ILLINOIS APPELLATE COURT — FOURTH DISTRICT JUDGMENT AFFIRMED.


OPINION FILED SEPTEMBER 16, 1982.

RURAL ELECTRIC CONVENIENCE COOPERATIVE CO., PLAINTIFF-APPELLANT,

v.

ILLINOIS COMMERCE COMMISSION ET AL., DEFENDANTS-APPELLEES.

Appeal from the Circuit Court of Macoupin County; the Hon. John W. Russell, Judge, presiding.

JUSTICE MILLS DELIVERED THE OPINION OF THE COURT:

Electric Supplier Act revisited.

This is the tenth chapter in this case.

We now review a classic battle of the experts.

In short — we again affirm.

This litigation began in 1974 when Central Illinois Public Service Company (CIPS) — pursuant to section 7 of the Electric Supplier Act (Ill. Rev. Stat. 1981, ch. 111 2/3, par. 407) — served Rural Electric Convenience Cooperative Co. (Rural Electric) with notice that it intended to extend certain of its existing lines to serve Freeman Coal Company's new mine that was to be constructed in Macoupin County. Pursuant to the same statute, Rural Electric filed a complaint with the Illinois Commerce Commission (Commission) stating that CIPS was not entitled to serve the mine.
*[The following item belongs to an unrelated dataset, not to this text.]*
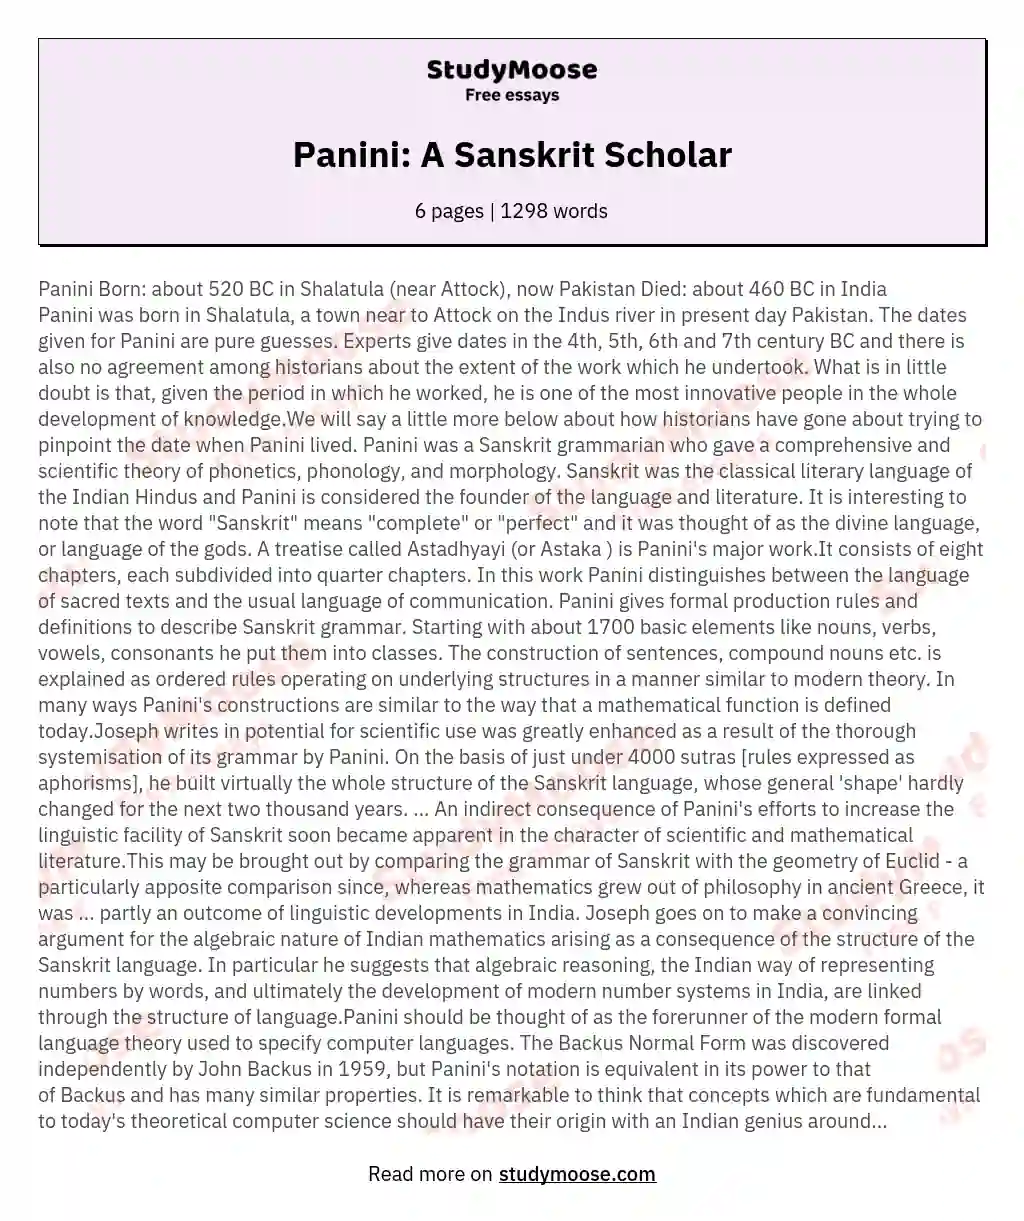 Panini: A Sanskrit Scholar

Rural Electric and CIPS had previously entered into an agreement that Rural Electric was to provide service to the area where the mine was to be located. The exception to the agreement was that where the new customer's:

"* * * anticipated load during the first year of normal operation will require, as determined in accordance with accepted engineering practices, that the load be supplied through a connection to and/or an extension of an existing as of July 2, 1965, line having a voltage of 34.5 KV or higher, the supplier shall be determined under the Electric Supplier Act as approved July 2, 1965."

This agreement was entered into and approved by the Commission pursuant to section 2 of the Electric Supplier Act (Ill. Rev. Stat. 1981, ch. 111 2/3, par. 402).

In ruling on Rural Electric's complaint, the Commission found that the exception to the parties' agreement applied, that Rural Electric had not been serving customers at the location of the mine on the effective date of the Electric Supplier Act, and that it was in the public interest that CIPS serve the mine. (Ill. Rev. Stat. 1981, ch. 111 2/3, pars. 405, 408.) The circuit court affirmed the Commission, and this court affirmed the circuit court. Rural Electric Convenience Cooperative Co. v. Illinois Commerce Com. (1977), 56 Ill. App.3d 281, 371 N.E.2d 1143.

Thereafter, the supreme court granted Rural Electric's petition for leave to appeal, vacated the judgments, set aside the order below, and remanded the cause to the Commission. The basis for the supreme court's action was that the Commission had failed to give effect to certain language of the parties' service area agreement. Therefore, the Commission was directed to consider whether accepted engineering practices would require that the new mine be supplied through connection to and/or extension of a 34.5 kilovolt (KV) line which was in existence on July 2, 1965 (the effective date of the Act) rather than any 34.5 KV line. See Rural Electric Convenience Cooperative Co. v. Illinois Commerce Com. (1979), 75 Ill.2d 142, 387 N.E.2d 670.

The Commission conducted further hearings and received extensive expert testimony on whether accepted engineering practices required that the mine be served by an existing as of July 2, 1965, 34.5 KV or larger line. (There was only one such line in the area of the mine — the one owned by CIPS and through which it proposed to provide service to the mine.) The Commission again decided in favor of CIPS.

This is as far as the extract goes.